Data records:
--- --- ---

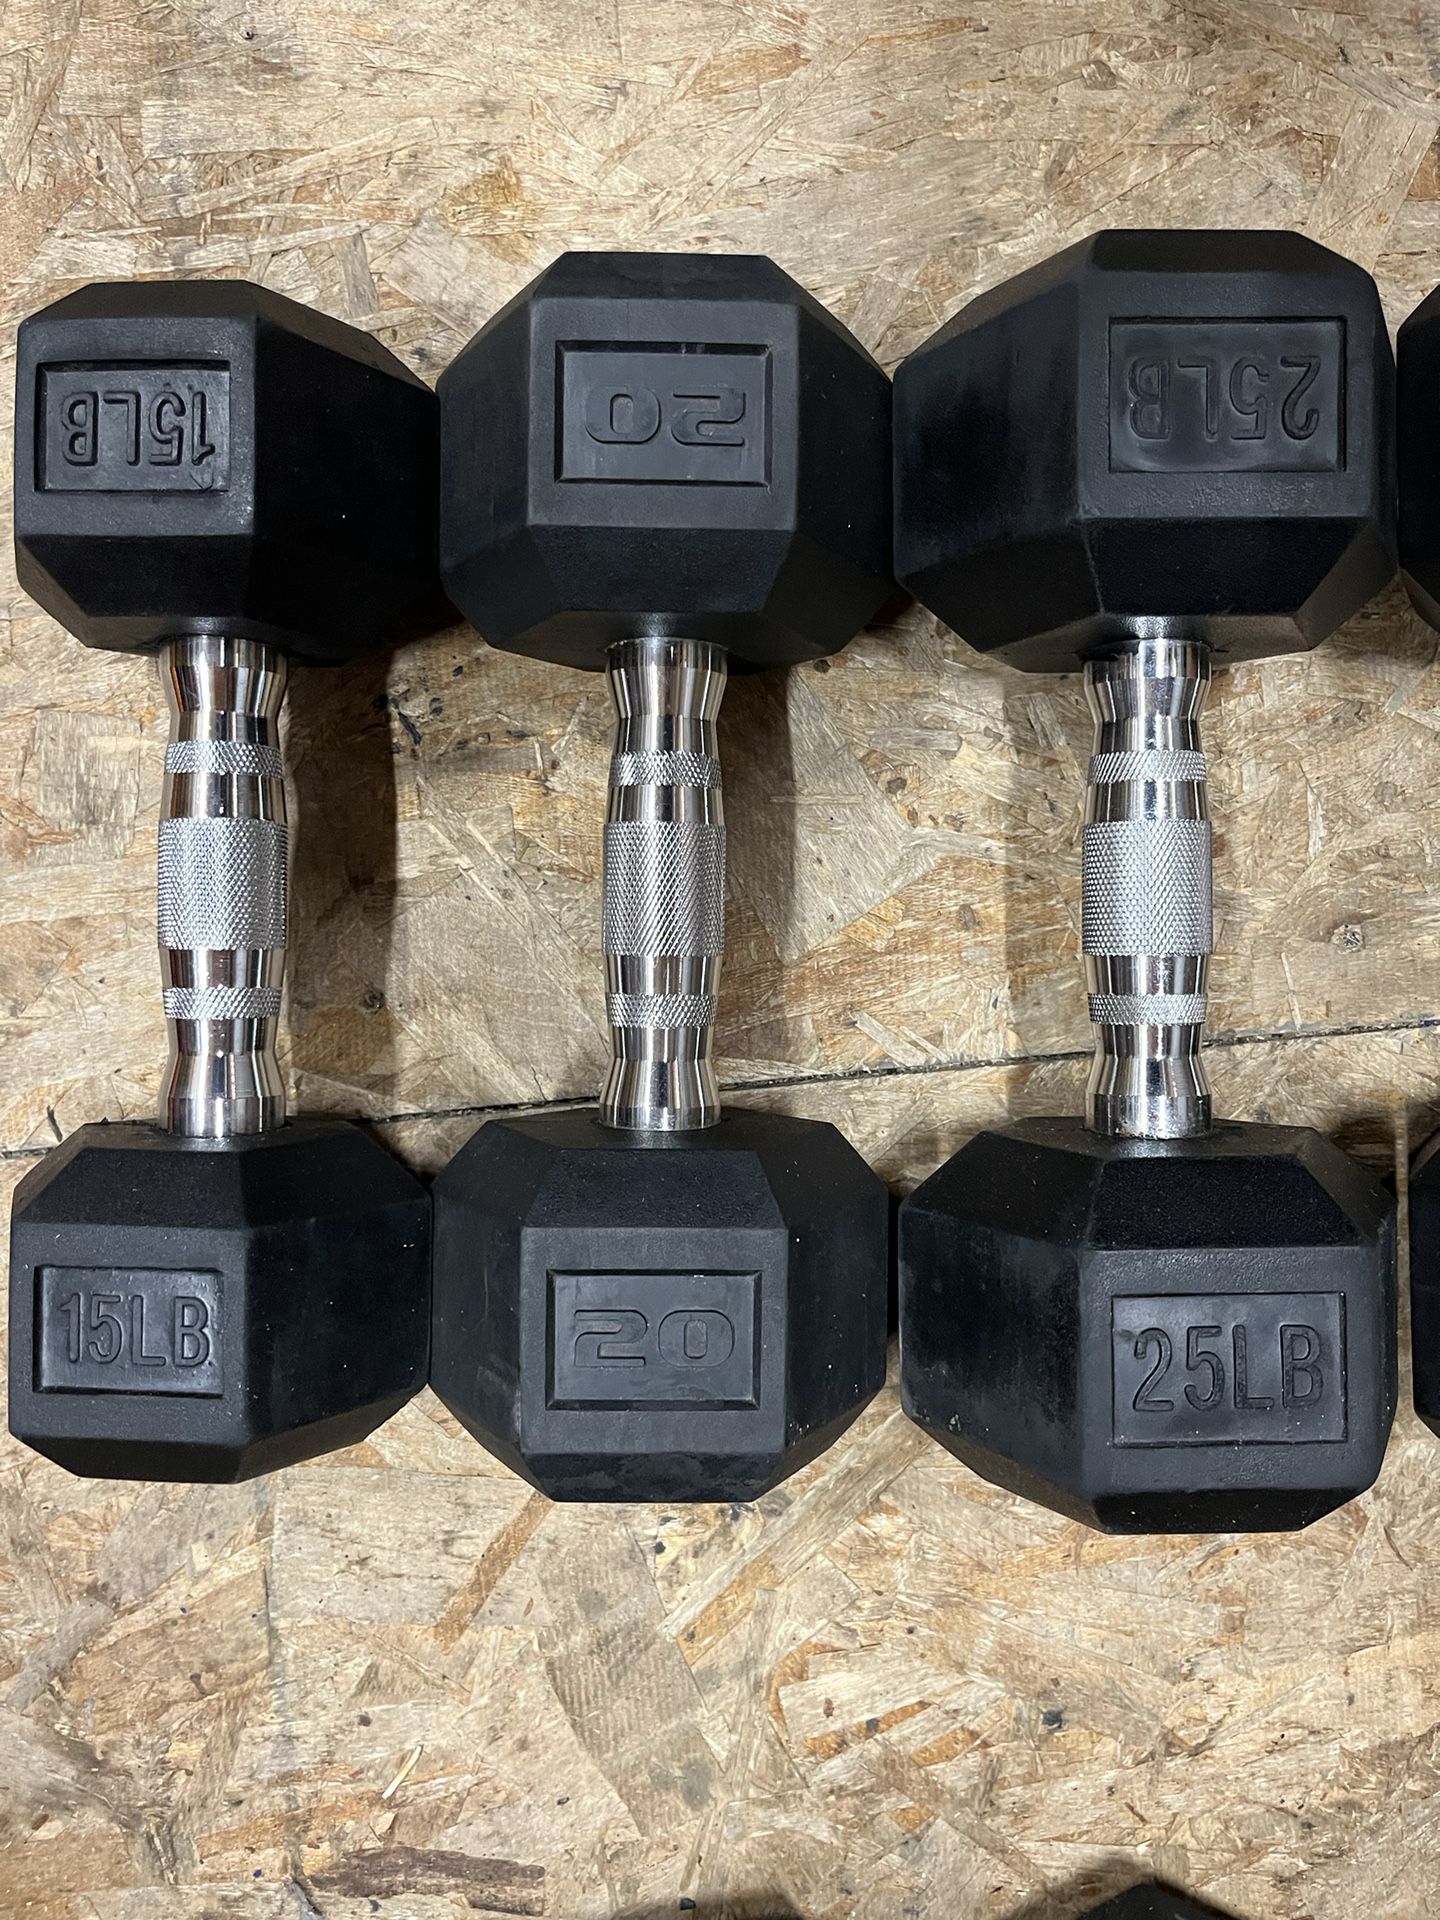 Hex Dumbbell Set $600 For 400lbs
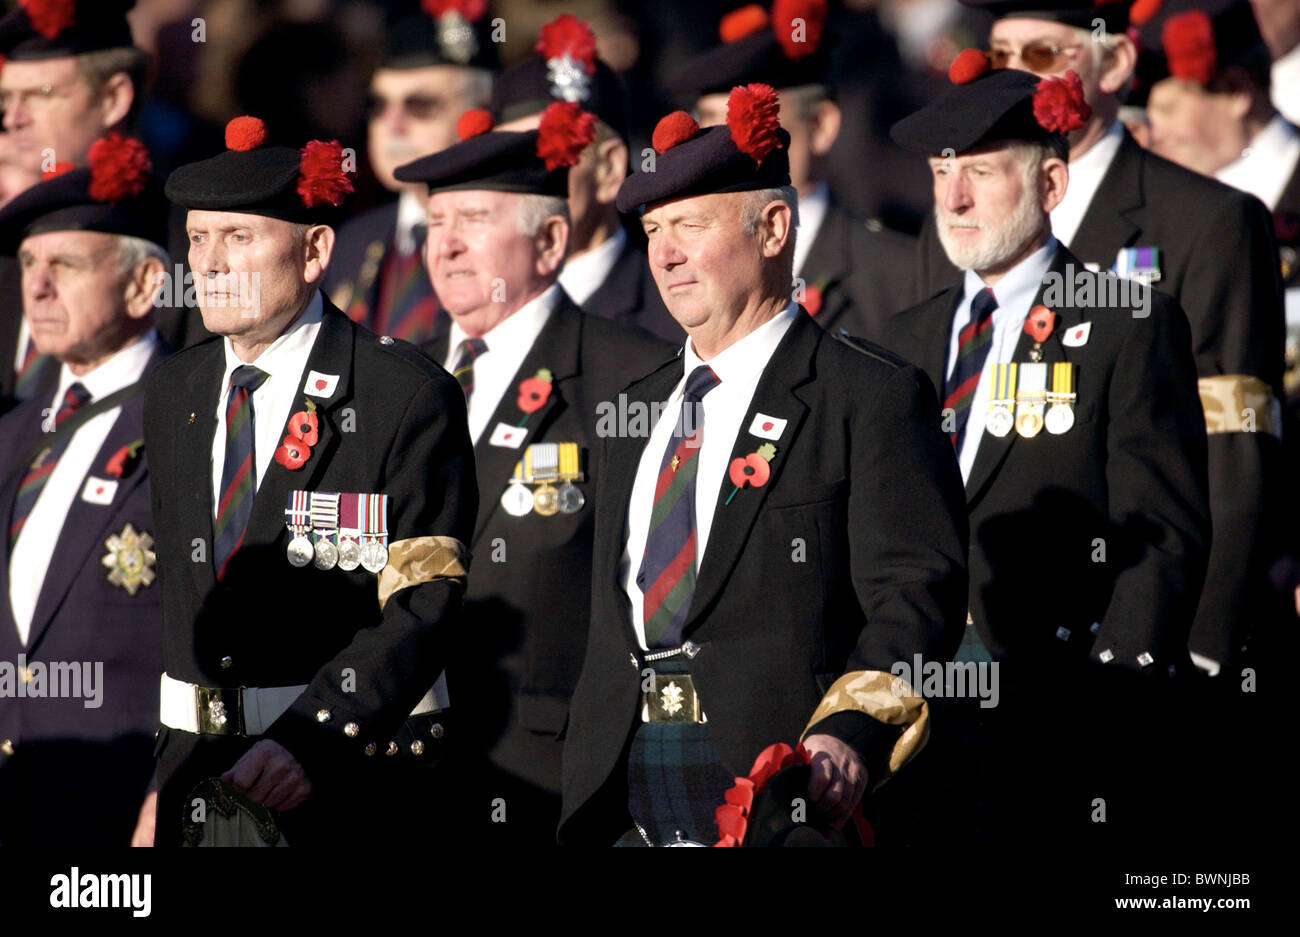 Veterans of the Black Watch with camouflage armbands for colleagues losing lives in Iraq war, at Remembrance Day Cenotaph London Stock Photo
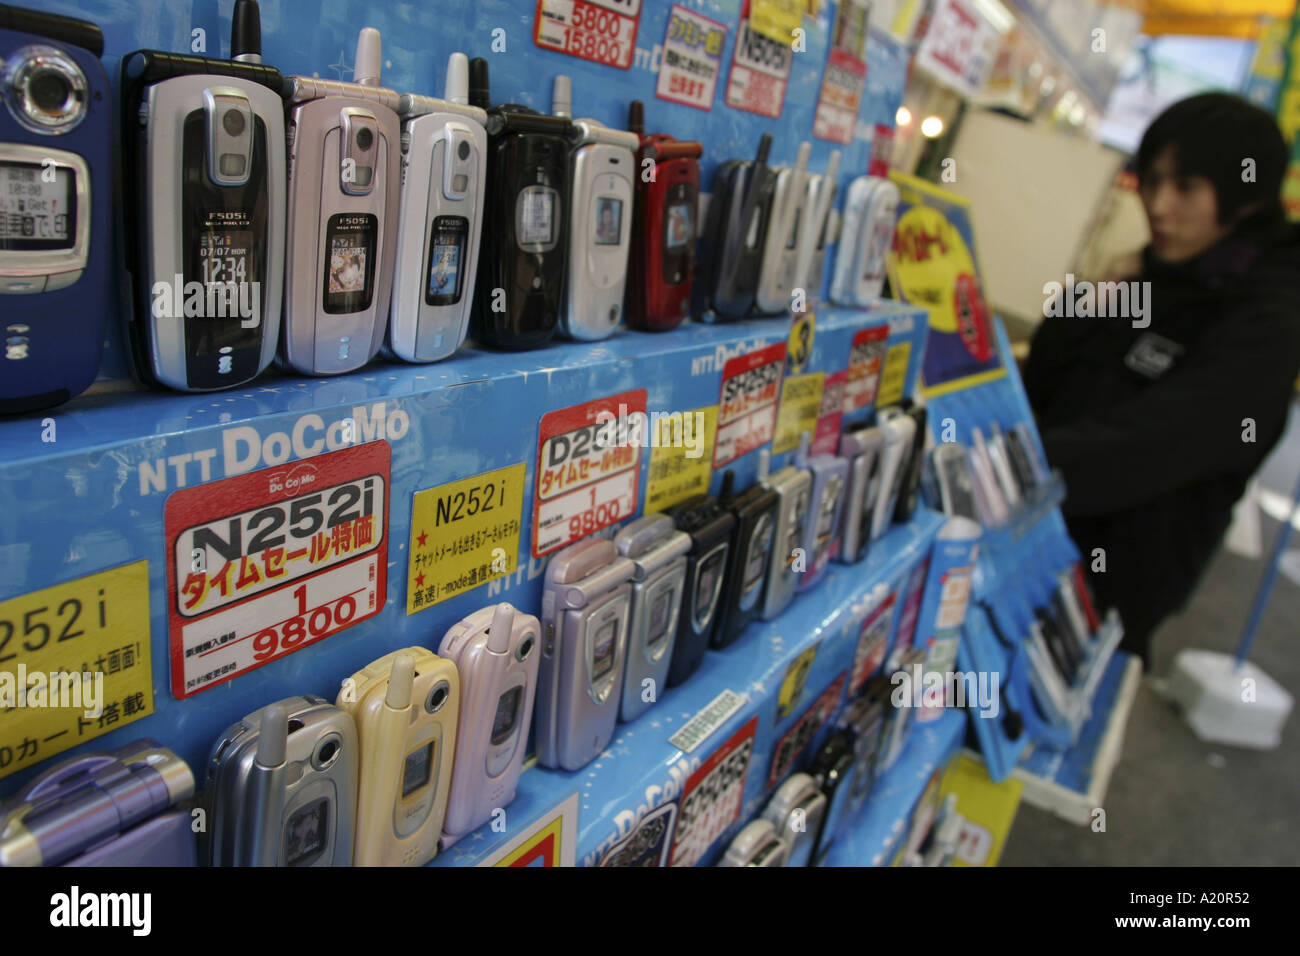 Teenager behind rows of mobile phones for sale on a NTT DoCoMo stand in an electronics store, Tokyo, Japan Stock Photo
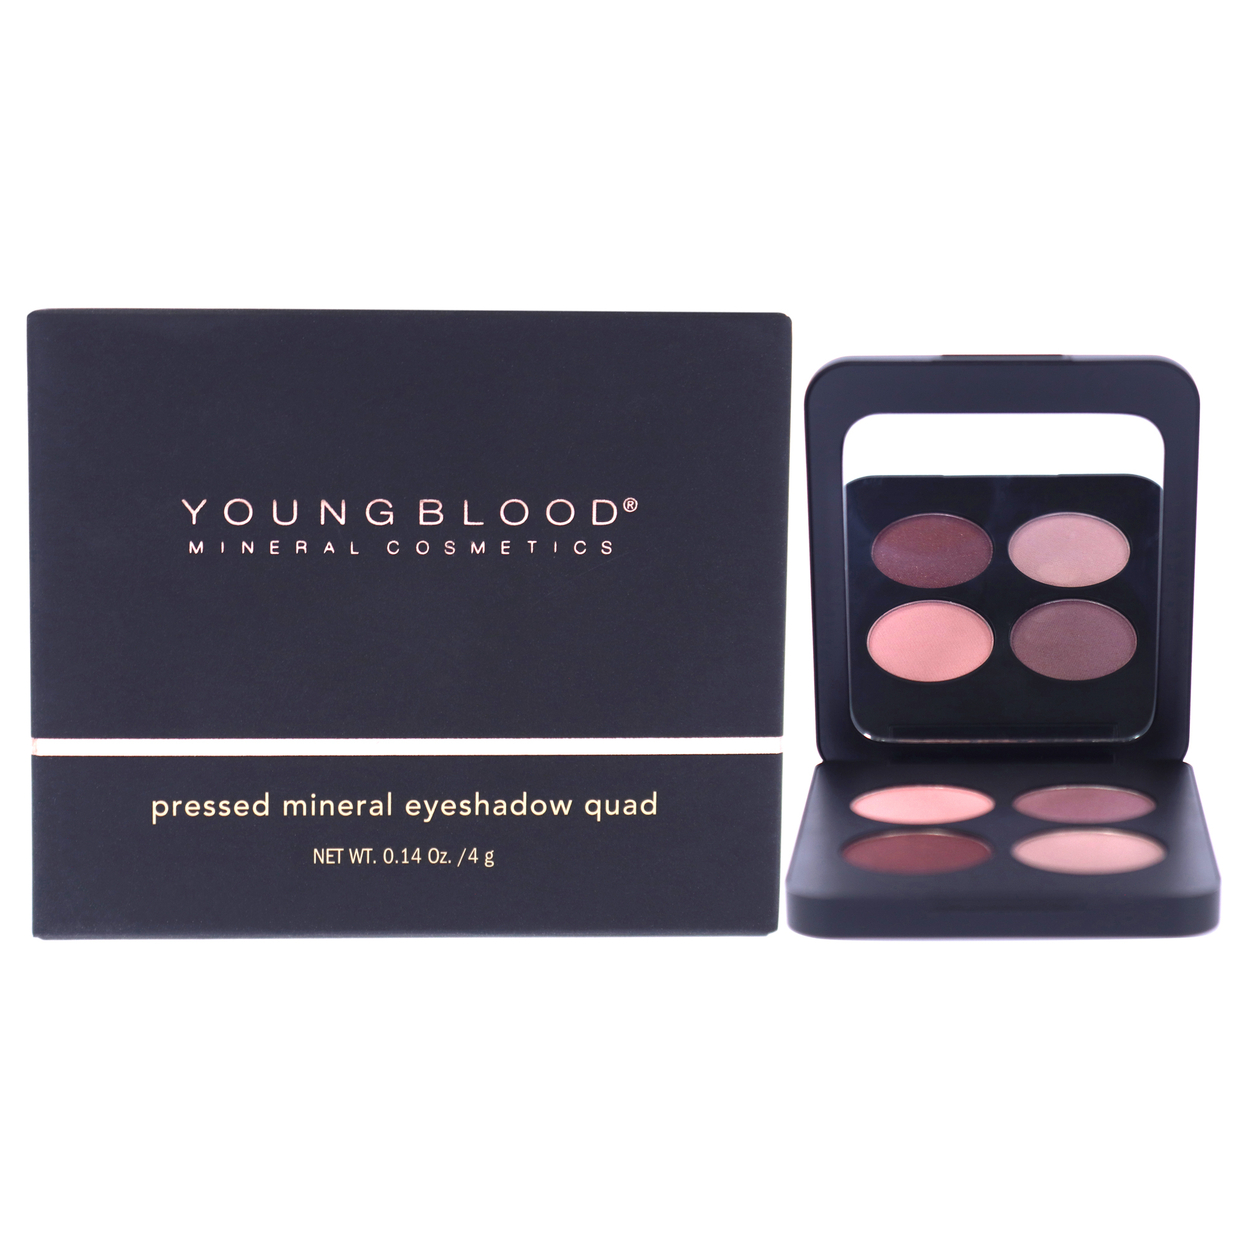 Youngblood Women COSMETIC Pressed Mineral Eyeshadow Quad - Vintage 0.14 Oz
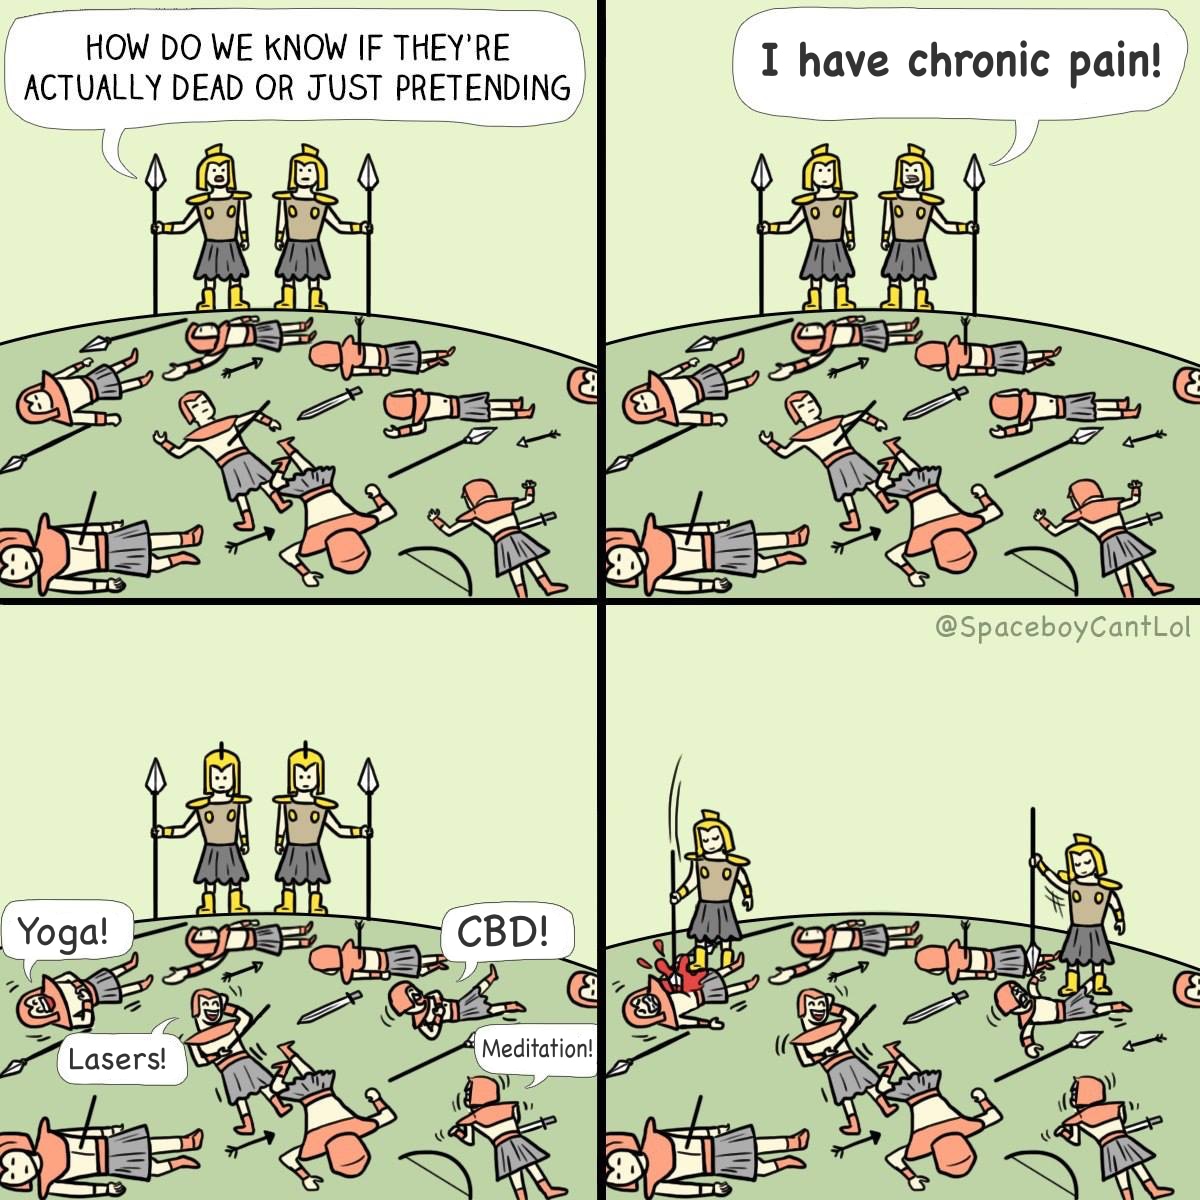 Comic strip, 4 panels, all featuring two ancient soldiers standing up, and several more lying on the ground in front of them, seemingly dead. Panel one: one live soldier asks, “How do we know if they’re actually dead or just pretending?” Second panel, the other soldier shouts: “I have chronic pain!” Third panel: four of the seemingly dead soldiers speak up, saying “Yoga!” “CBD!” “Lasers!” “Meditation!” In the fourth panel, the two live soldiers proceed to finish off the soldiers who revealed themselves as just pretending.

--- --- ---

Only the lines from the one containing "Teenager behind rows" through the last line of the entries should be transcribed, exactly and with no pictures.

**Output for this task**:
 Teenager behind rows of mobile phones for sale on a NTT DoCoMo stand in an electronics store, Tokyo, Japan Stock Photo
 Youngblood Women COSMETIC Pressed Mineral Eyeshadow Quad - Vintage 0.14 Oz
 Comic strip, 4 panels, all featuring two ancient soldiers standing up, and several more lying on the ground in front of them, seemingly dead. Panel one: one live soldier asks, “How do we know if they’re actually dead or just pretending?” Second panel, the other soldier shouts: “I have chronic pain!” Third panel: four of the seemingly dead soldiers speak up, saying “Yoga!” “CBD!” “Lasers!” “Meditation!” In the fourth panel, the two live soldiers proceed to finish off the soldiers who revealed themselves as just pretending.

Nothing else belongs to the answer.